They THINK the up & down temps are screwing everything up!????
'Worst start since 2016'!


----------



## BuckeyeFishinNut (Feb 8, 2005)

Doboy said:


> I talked to 2 locals after dark,,,,, Jig throwers.
> They THINK the up & down temps are screwing everything up!????
> 'Worst start since 2016'!


The up and down temps with the river being up and down constantly, thats a bad recipe for success. At least you landed a couple. I got out over the weekend and all I could manage were a few snagged buffalo suckers throwing jigs and a couple really light bites on minnows at Pike Island.


----------



## Doboy (Oct 13, 2008)

One male fish had full size sacks,,,, no jizz.
The other had eggs,,,, no blood.
NOTHING in their bellies!?
I still have 3 dozen fatheads in the garage,,,,, I gotta get back down there, soon. 
It's comin'.

BFN,,,, How often do you fish NC Dam?


----------



## BuckeyeFishinNut (Feb 8, 2005)

Very rarely, maybe once a year. Every time I have fished it, it was from the WV side.


----------



## Bad Bub (Jan 17, 2006)

Lol... I had to pick kids up from school! 

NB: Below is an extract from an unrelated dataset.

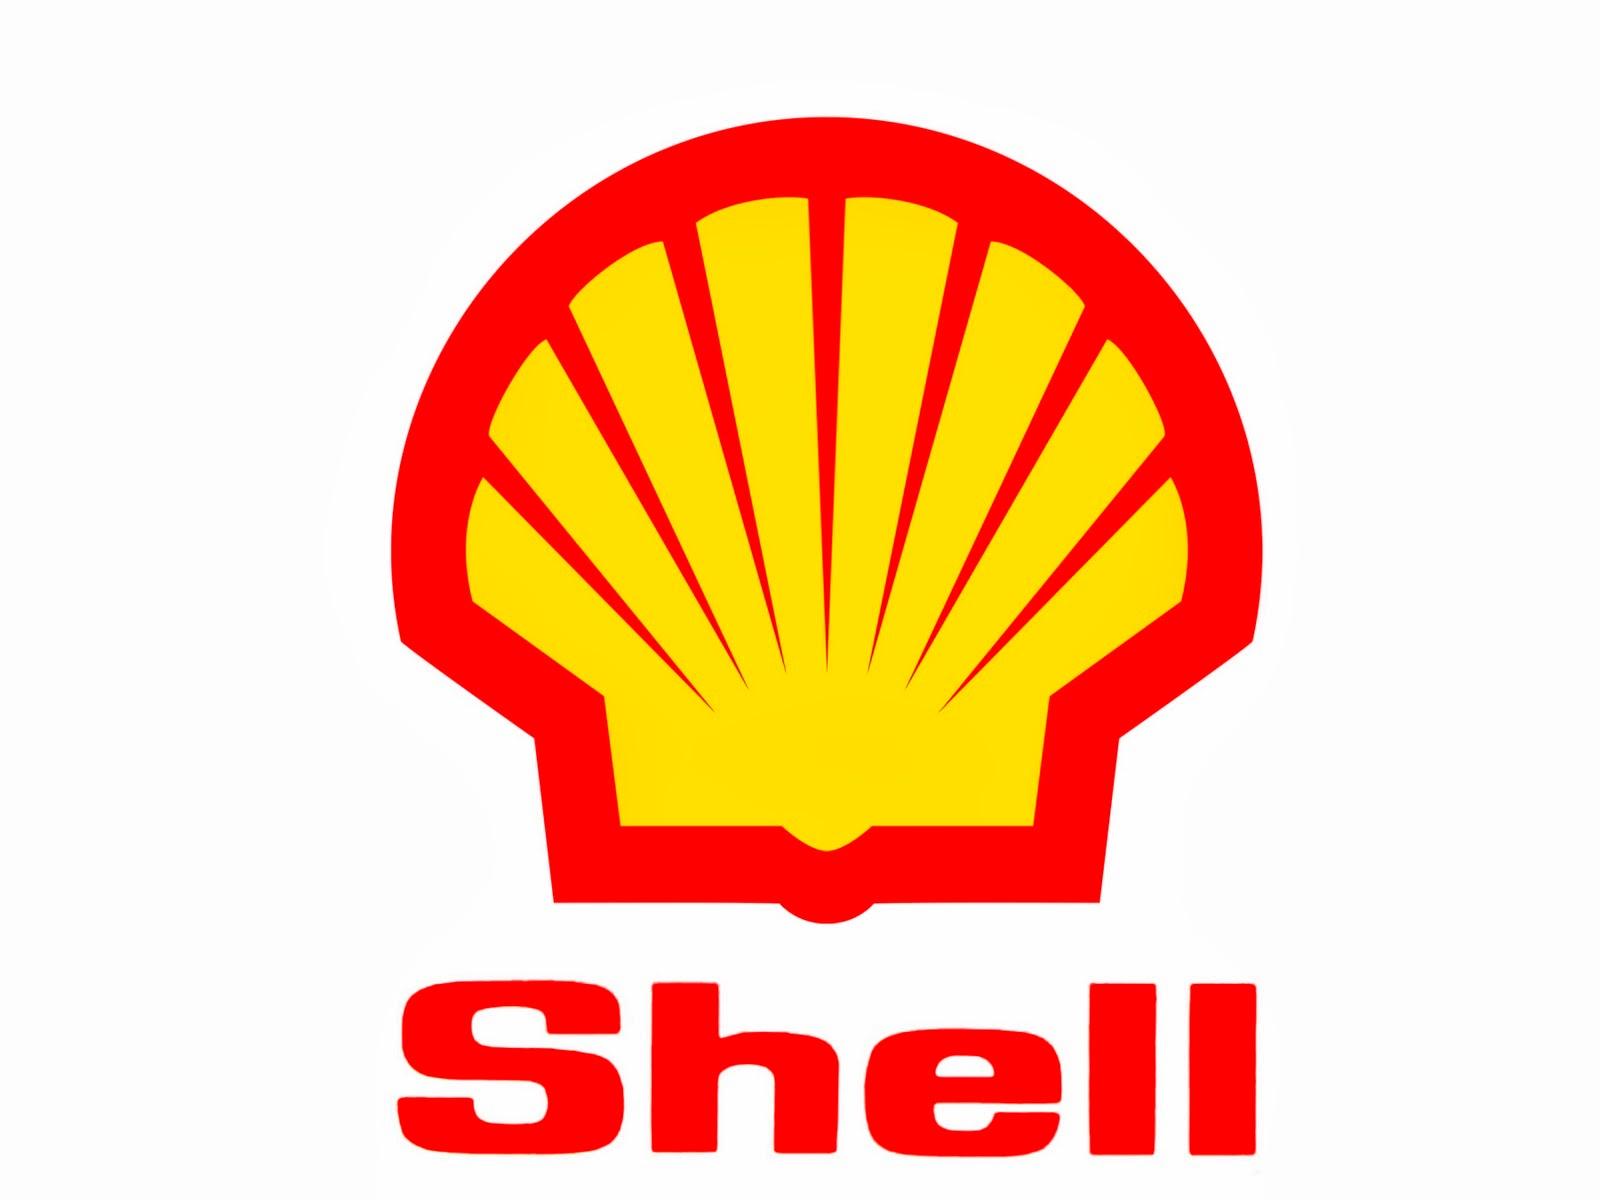 shell_oil_2.jpg

Sent from my SM-G920V using Tapatalk


----------



## Doboy (Oct 13, 2008)

Amazing, how that wind died down,,,,,,,,,,,,,,, soon AFTER you left!? ;>)
Seriously though,,,, 'catching' was so bad, I never thought I'd get another hit.
Dr App today,,, or I'd be there now!


BTW, Bub,,,,,,, That oldtimer local I was talking to? He throws florescent orange or red jig with 4" ORANGE twisters,,,,, 95% of the time.
Sounds familiar


----------



## Phish_4_Bass (Sep 18, 2008)

Caught a pile of bait yesterday, going to give it a shot tomorrow evening after work


----------



## Doboy (Oct 13, 2008)

Phish_4_Bass said:


> *Caught a pile of bait yesterday*, going to give it a shot tomorrow evening after work



Ahhhh, you wouldn't happen to have some EXTRA chubs or shiners,,,, FOR TRADE???? ;>)


----------



## Phish_4_Bass (Sep 18, 2008)

Doboy said:


> Ahhhh, you wouldn't happen to have some EXTRA chubs or shiners,,,, FOR TRADE???? ;>)


Check PMs


----------



## Doboy (Oct 13, 2008)

5 guys there Yesterday,,, Thursday. * 
(water was too low, NO barge traffic, & 30 mph winds up River! :<(*
I got there about 1,,,,,, & 3 of us hung in there till after dark. 5 guys Net= 5 fish. 
I Had good hits on the first 3 casts, close to shore above the rocks. Then finally landed a fat 17" eye. Then NOT ONE HIT in the NEXT 5 HOURS!!!????????? 
Tony showed up & threw rubber till his arms got sore,,,,, he caught NOTHING.
Then Wayne & his friend showed up. Each had one 'Tight-line' pole w fatheads, the other pole for tossing rubber.
Wayne gave up kinda early & left with 2 fish,,, I think. & he Threw back a 'lizard' & a small cat.
His Liverpool friend caught ONE 15" eye,,,, That's it! He kindly gave it to me! ;>) THANKS.
Now I had 2 to clean.

After 6pm,,,, I started to get more 'hits', in close to the shore rocks, but only landed 1- 5" sauger.
The little &^%$#! completely swallowed down my floater hook & medium size fathead!????
Not enough room left in his mouth to get needle nose pliers in! How they do that!!!?
Bleeding like a stuck pig,,,, I pert-near had to RIP HIS HEAD OFF,,, to GET IT BACK!
Hurt me more than him!
BUZZARD BAIT.

STILL, no perch.


----------



## Phish_4_Bass (Sep 18, 2008)

Went yesterday, musta hit a pocket of little ones. Got a few 6" to 8" . 
Lots of hits and getting cleaned. 
Fished about 2 hrs. 
Windy and snowy.

Time to hope for warmer weather and re-stock the bait supply.


----------



## BuckeyeFishinNut (Feb 8, 2005)

Phish_4_Bass said:


> Went yesterday, musta hit a pocket of little ones. Got a few 6" to 8" .
> Lots of hits and getting cleaned.
> Fished about 2 hrs.
> Windy and snowy.
> ...


Mid 50'5-60's this coming weekend and sunny. Gotta feeling its gonna be thick as thieves out there with people fishing. I need to get some bait also, gonna run some traps mid-week. Looks like little to no rain this week also if you can believe that.


----------



## Bad Bub (Jan 17, 2006)

Well... it looked packed this past weekend. Anybody do any good? I'm going to give it a go after work today for a couple hours. They've gotta be starting to do their thing by now you'd think. 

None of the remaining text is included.